==== Dataset excerpt ====

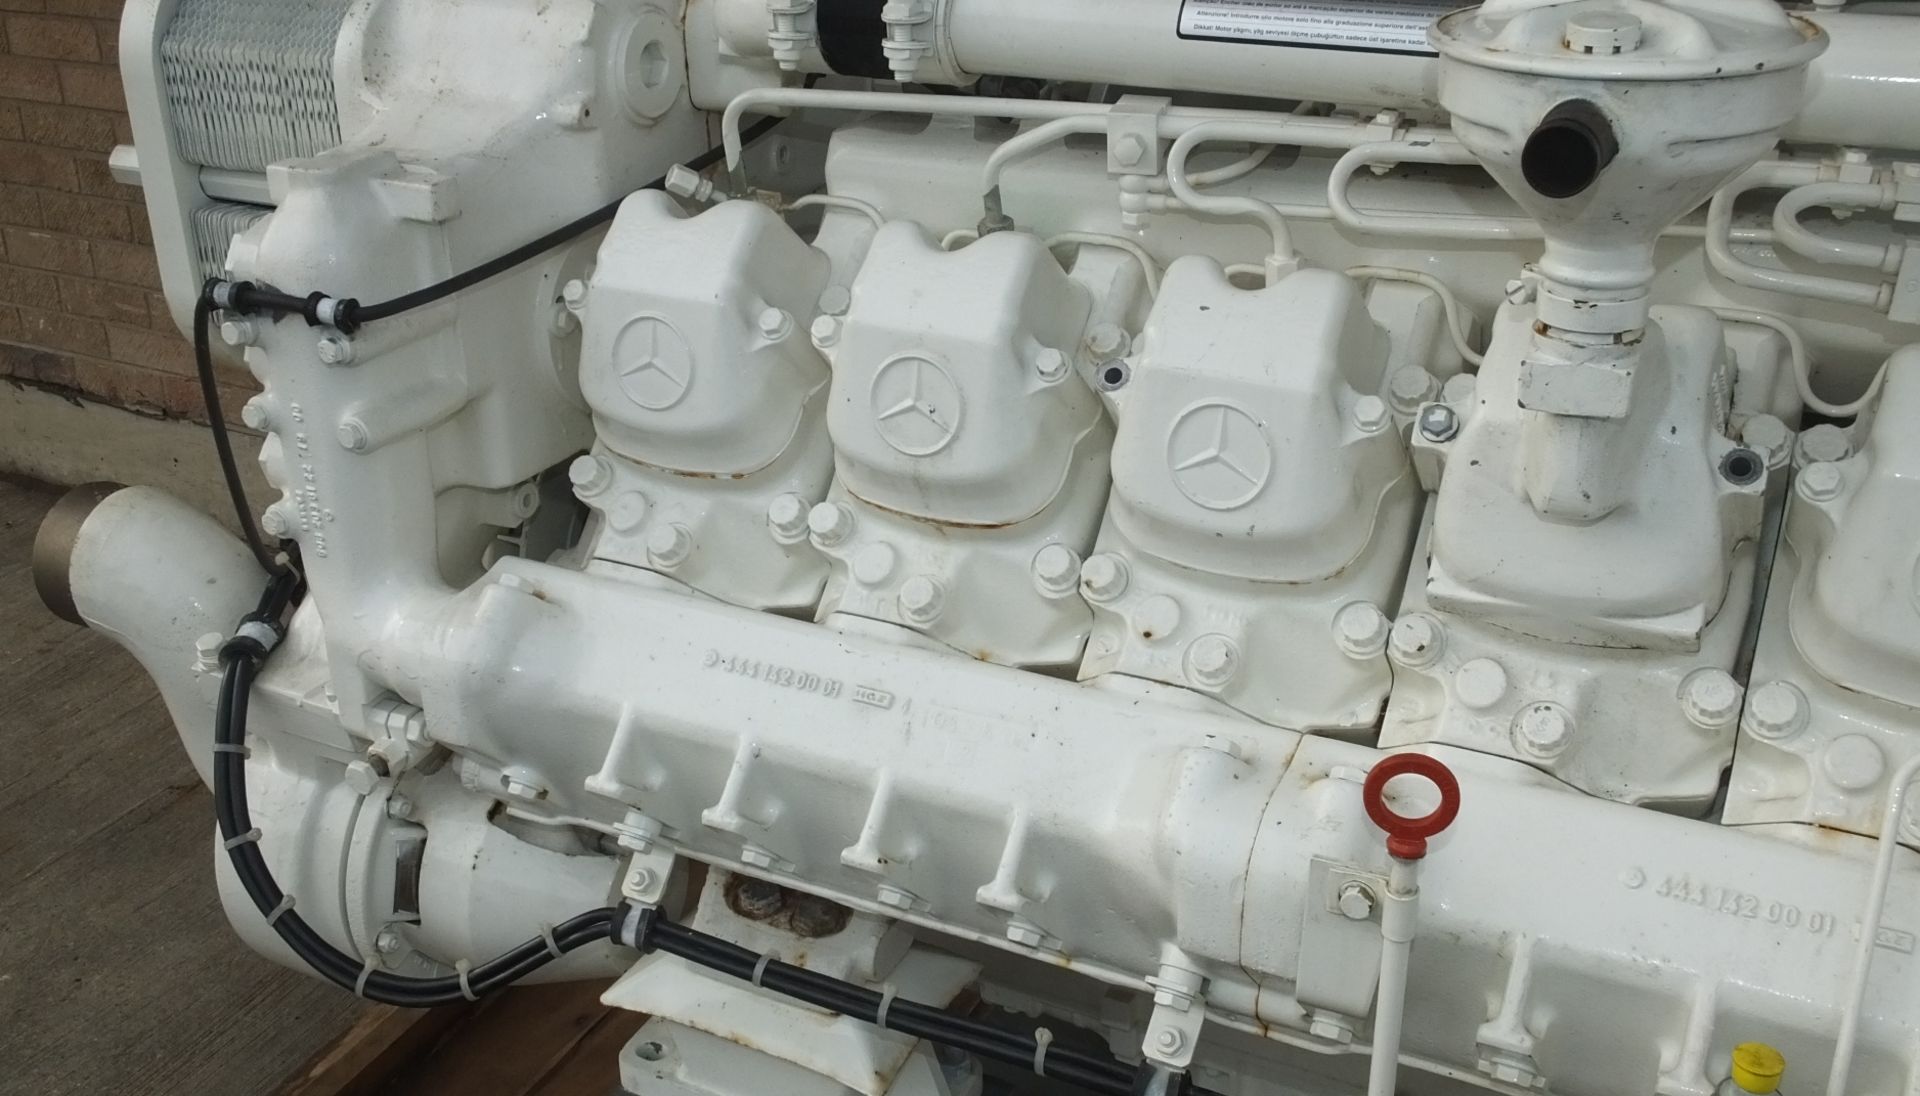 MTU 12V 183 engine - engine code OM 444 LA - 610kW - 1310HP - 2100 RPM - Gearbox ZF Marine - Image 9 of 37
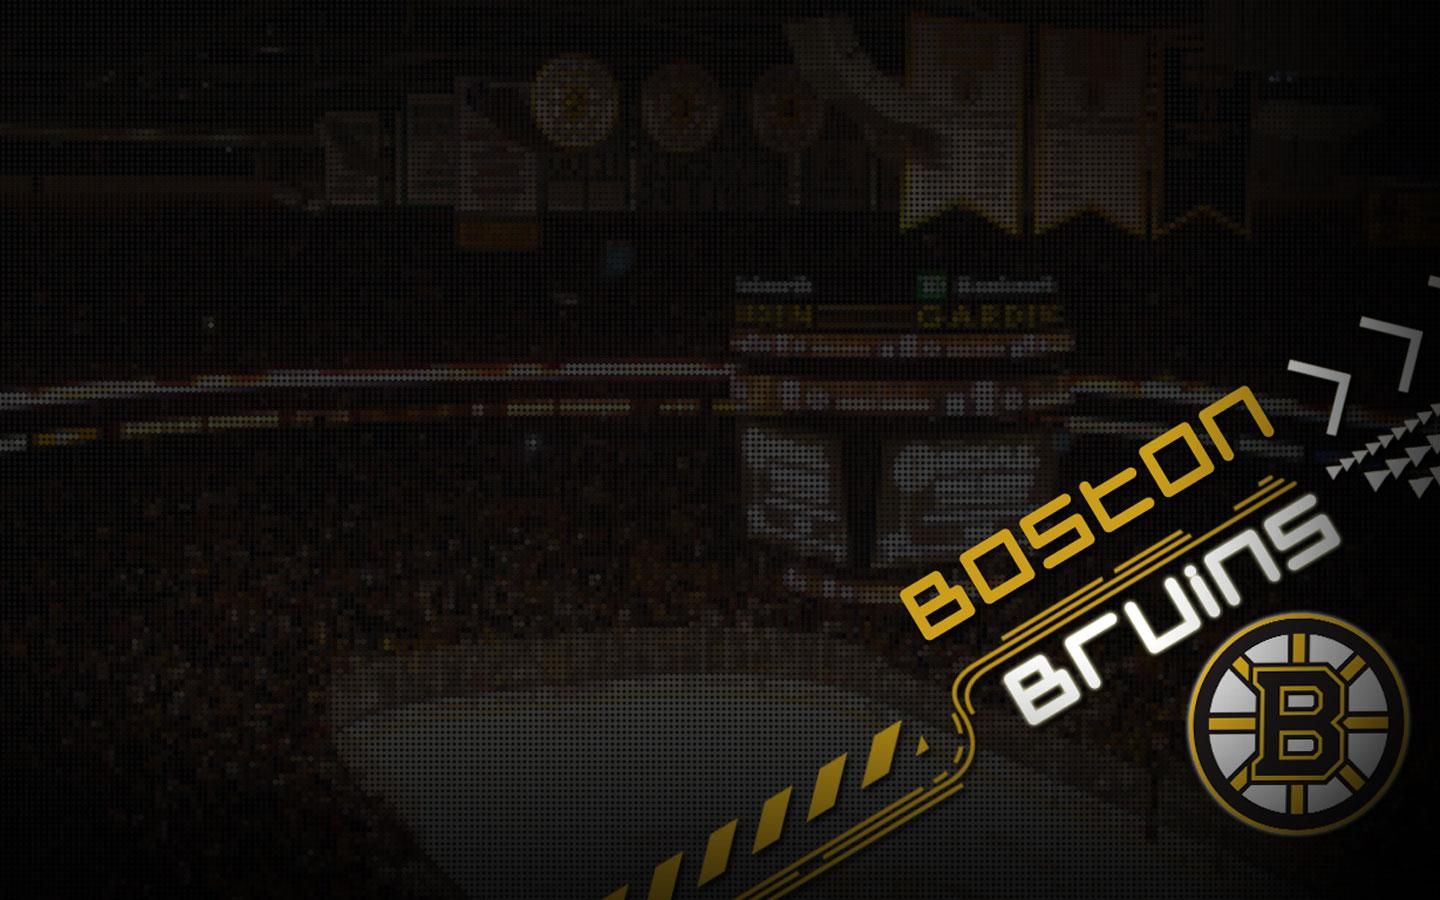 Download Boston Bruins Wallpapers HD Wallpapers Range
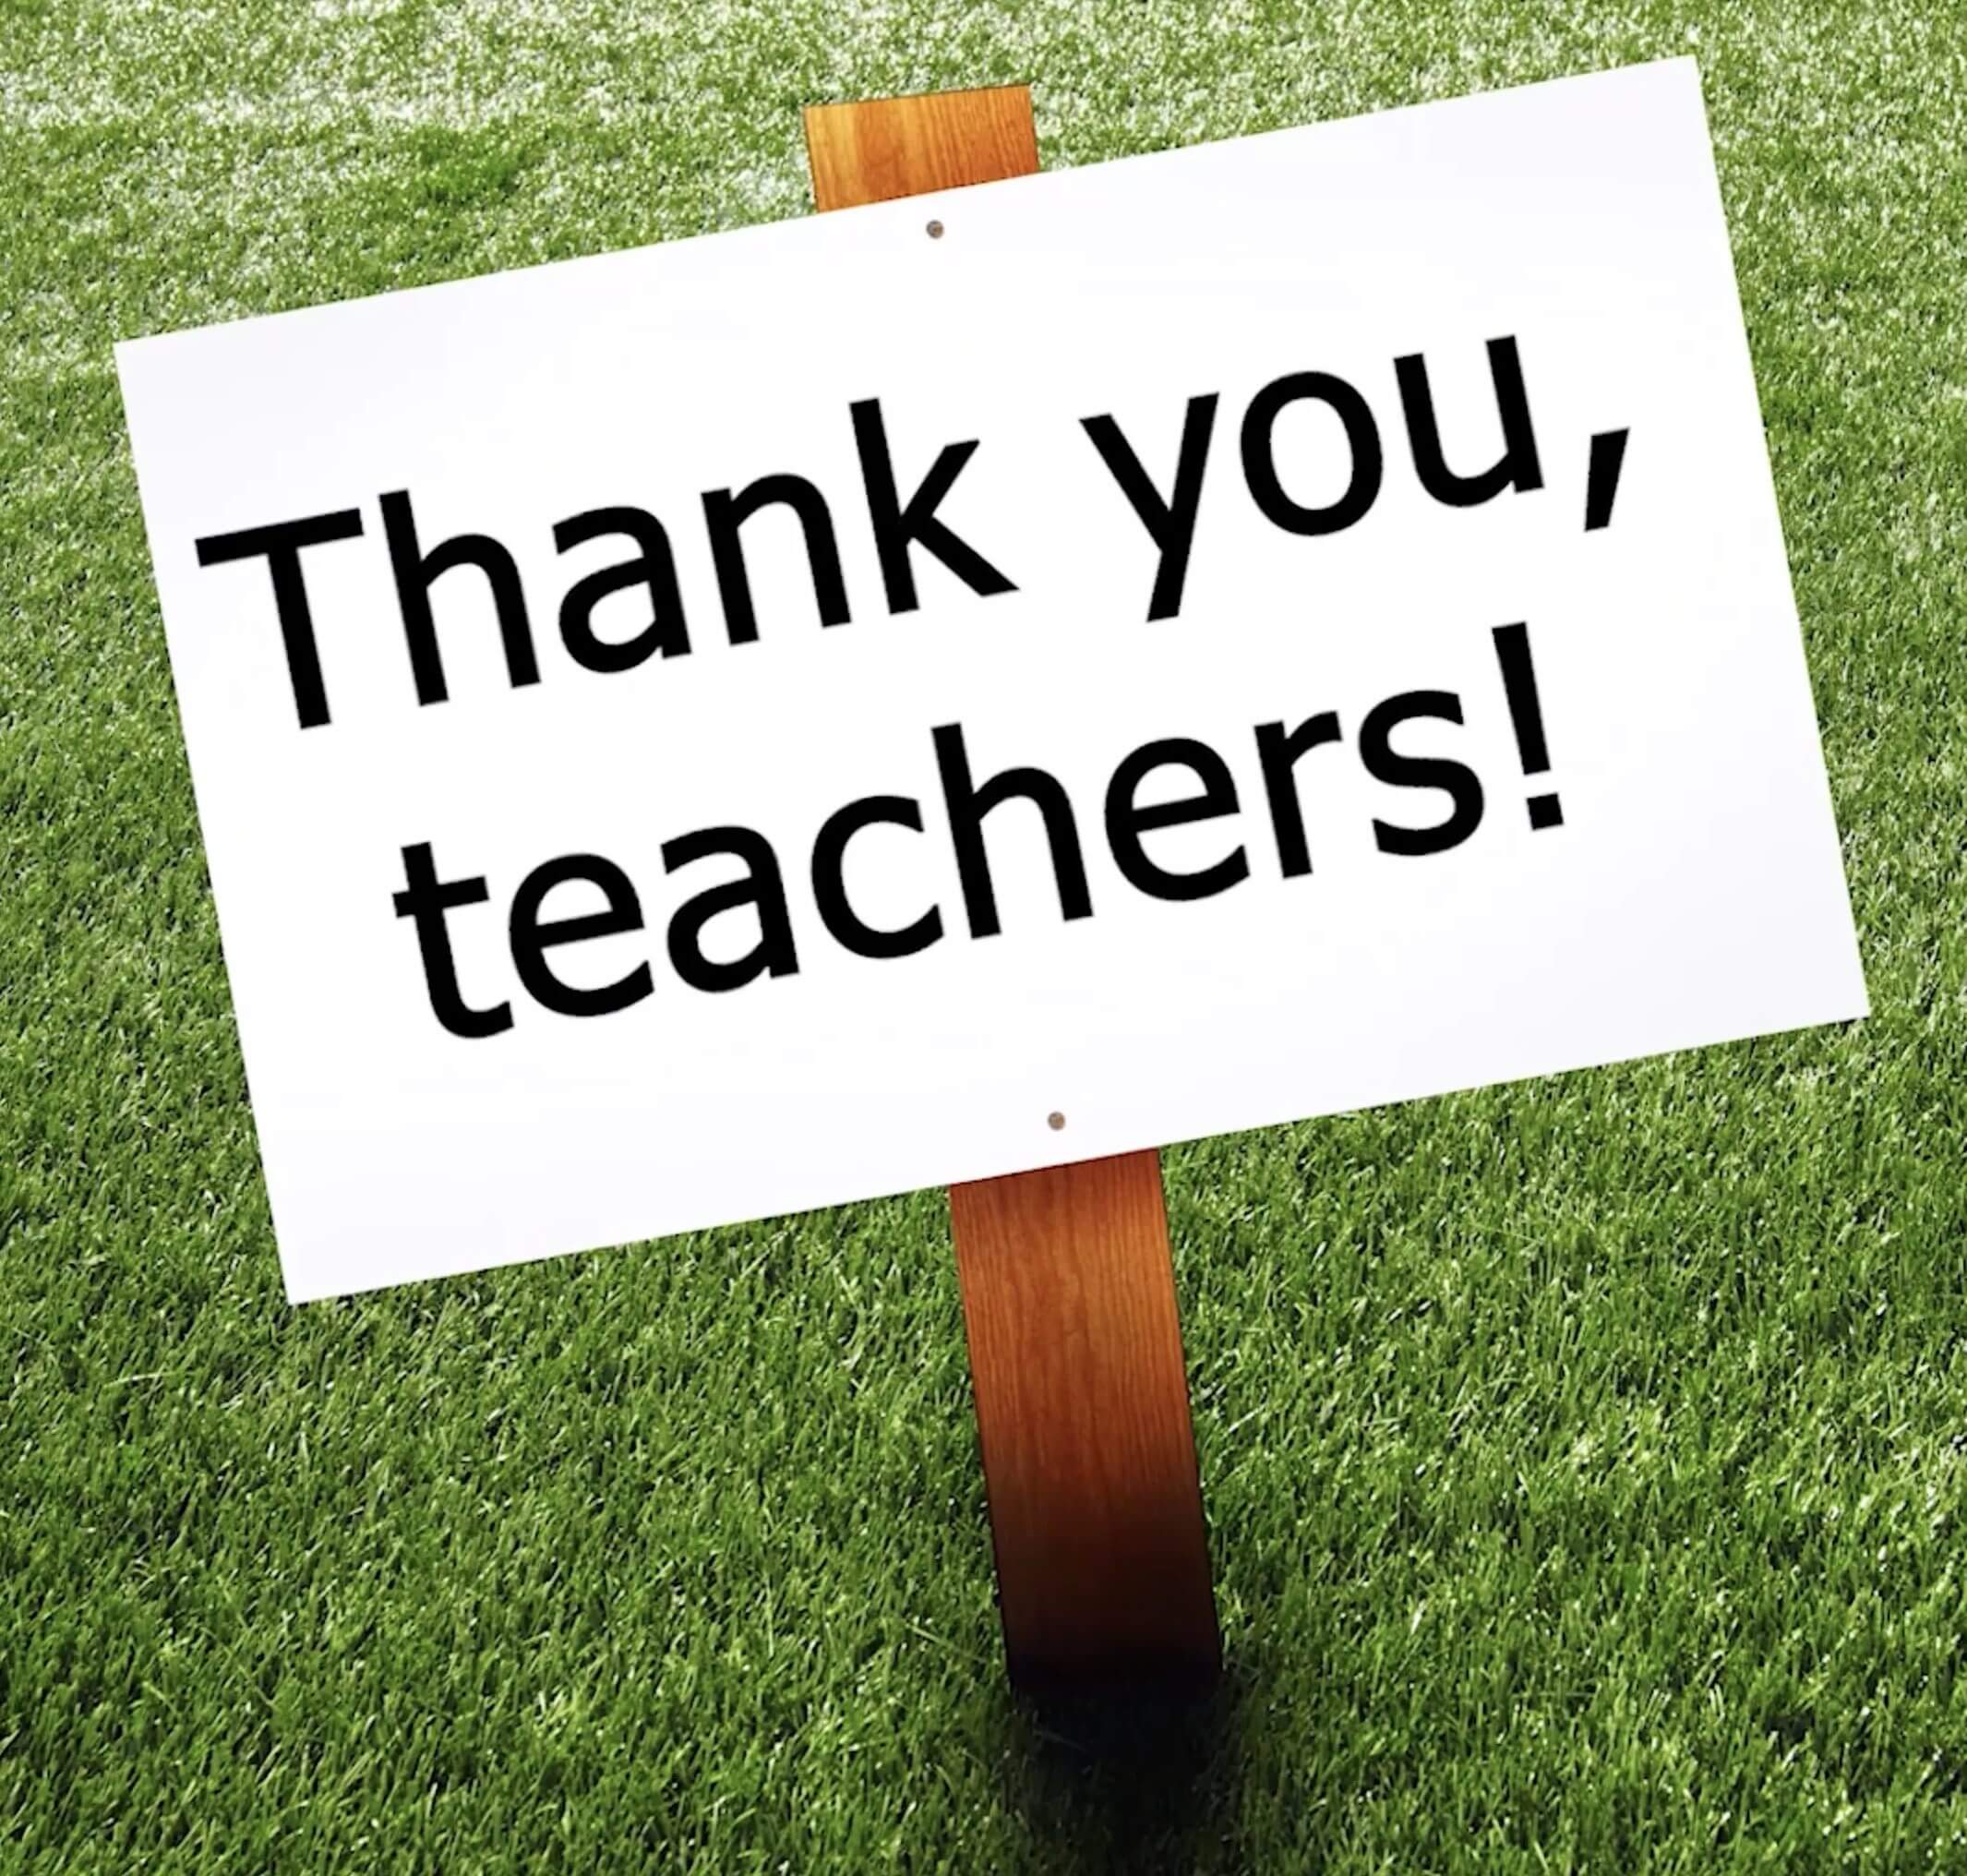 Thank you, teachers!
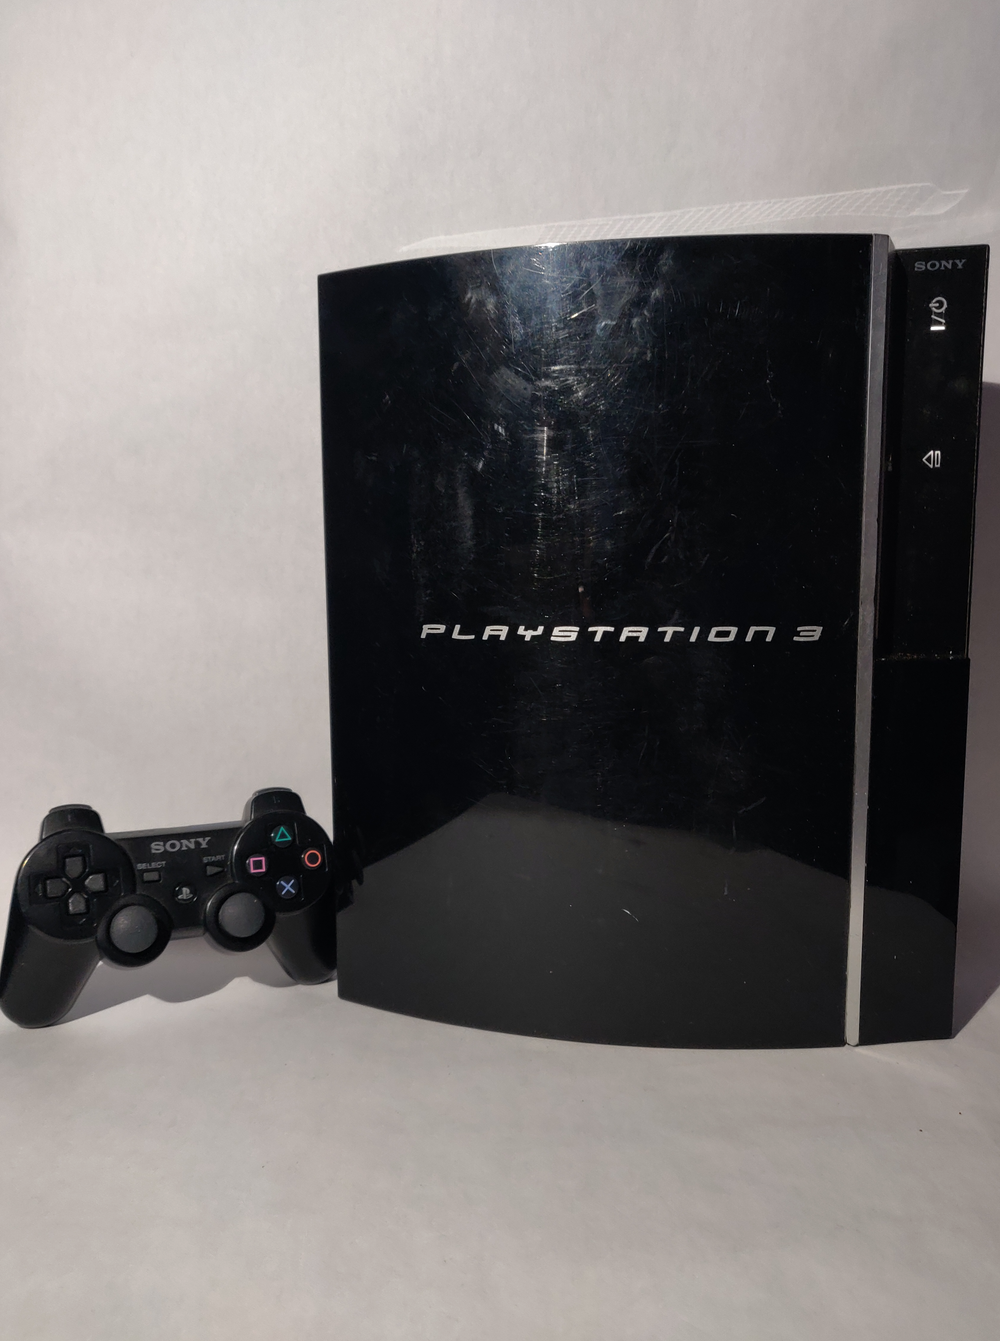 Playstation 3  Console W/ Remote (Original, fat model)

====

About this exercise: Where a picture appears in the material above, skip it, and print the rest exactly.

Solution to the exercise:
 MTU 12V 183 engine - engine code OM 444 LA - 610kW - 1310HP - 2100 RPM - Gearbox ZF Marine - Image 9 of 37
 Download Boston Bruins Wallpapers HD Wallpapers Range
 Thank you, teachers!
 Playstation 3  Console W/ Remote (Original, fat model)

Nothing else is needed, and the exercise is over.